Hot Topic of the Month

This month’s hot topic is Rule 144. On November 15, the SEC adopted amendments to Securities Act Rules 144 and 145. The changes are intended to enable smaller companies to raise capital more easily and to improve reporting and disclosure requirements by making the rules easier to understand and apply. The revisions to Rule 144 shorten the holding period for restricted securities from one year to six months if the issuer has been subject to the Exchange Act reporting requirements for at least 90 days before the sale of the securities. The one-year holding period remains for restricted securities of non-reporting companies.

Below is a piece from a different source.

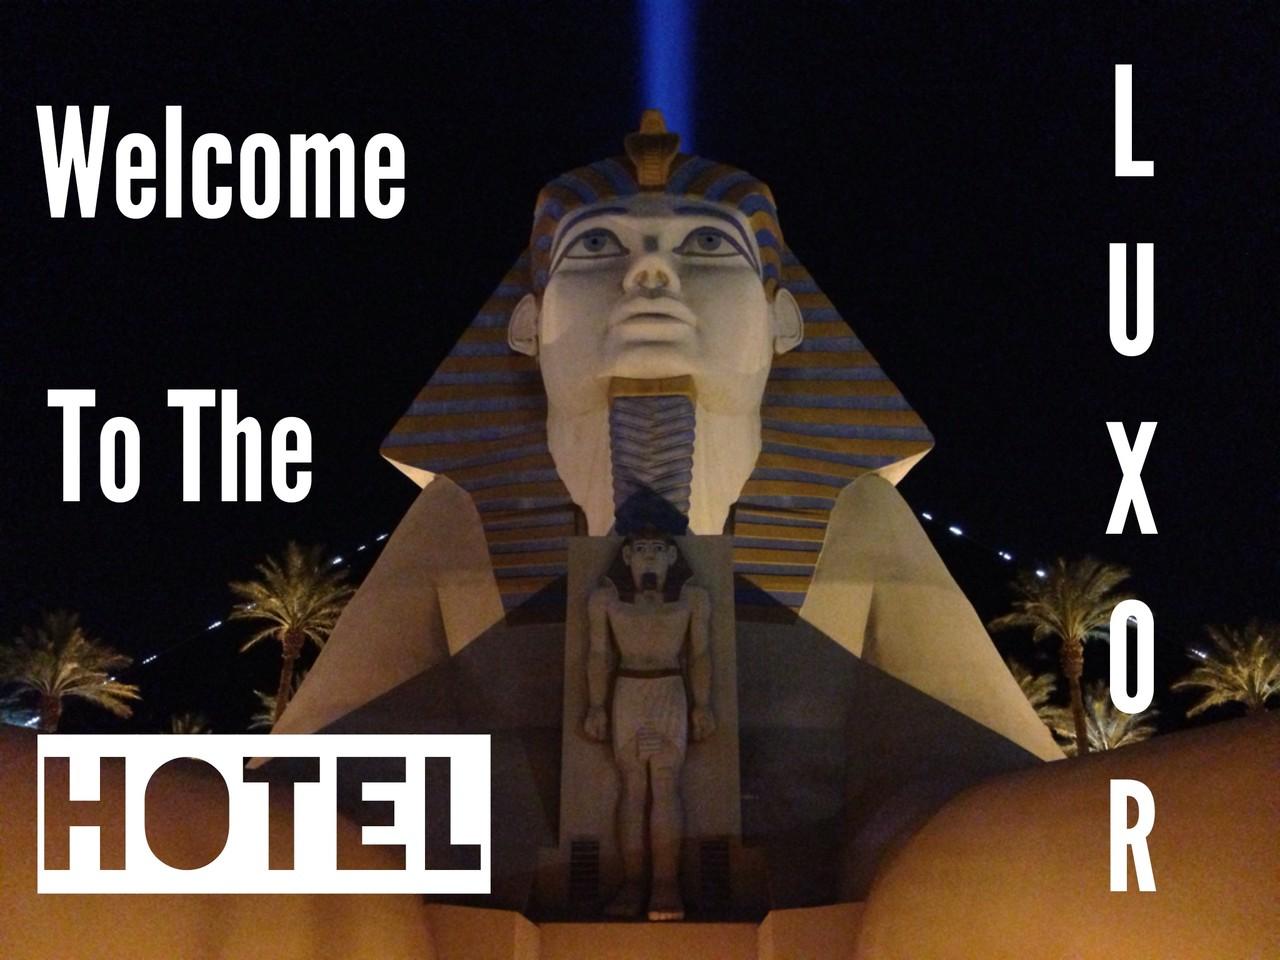 Luxor again
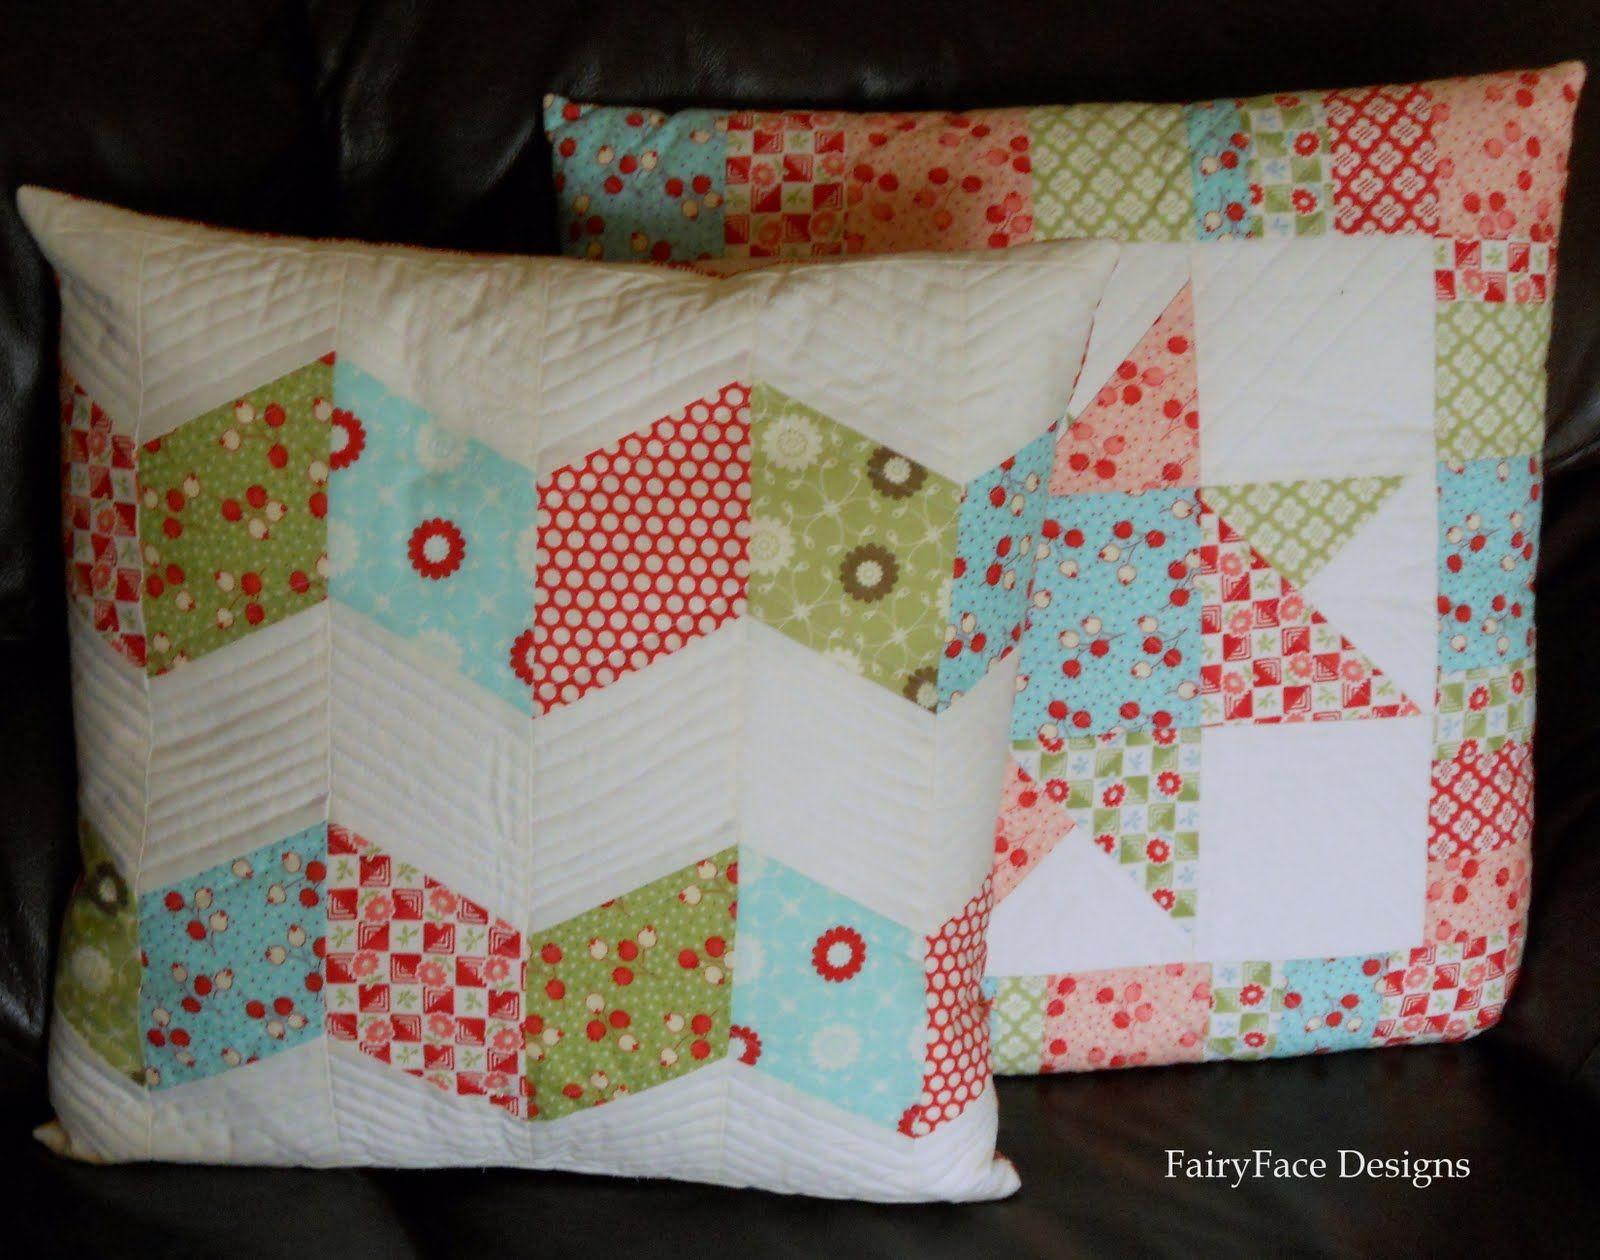 FairyFace Designs: Chunky ZigZag Pillow Tutorial

The revisions also simplify Rule 144 compliance for a shareholder who is not an affiliate of the issuer. In addition, the adopting release codifies several Rule 144 interpretive positions. The SEC also eliminated the presumptive underwriter provision in Rule 145, except for transactions involving a shell company, and revised the resale requirements in Rule 145(d).

The final rules reflect one significant change from the proposing release, which is the removal of the tolling provision to suspend the Rule 144 holding period for the length of time that a holder of restricted securities engages in hedging activities. The staff stated that a reintroduction of the tolling provision would unnecessarily complicate Rule 144, as securities holders and intermediaries would incur significant costs to monitor hedging activities to comply with the provision. The staff noted that there is no strong evidence that hedging activities have resulted in abuses in the Rule 144 context.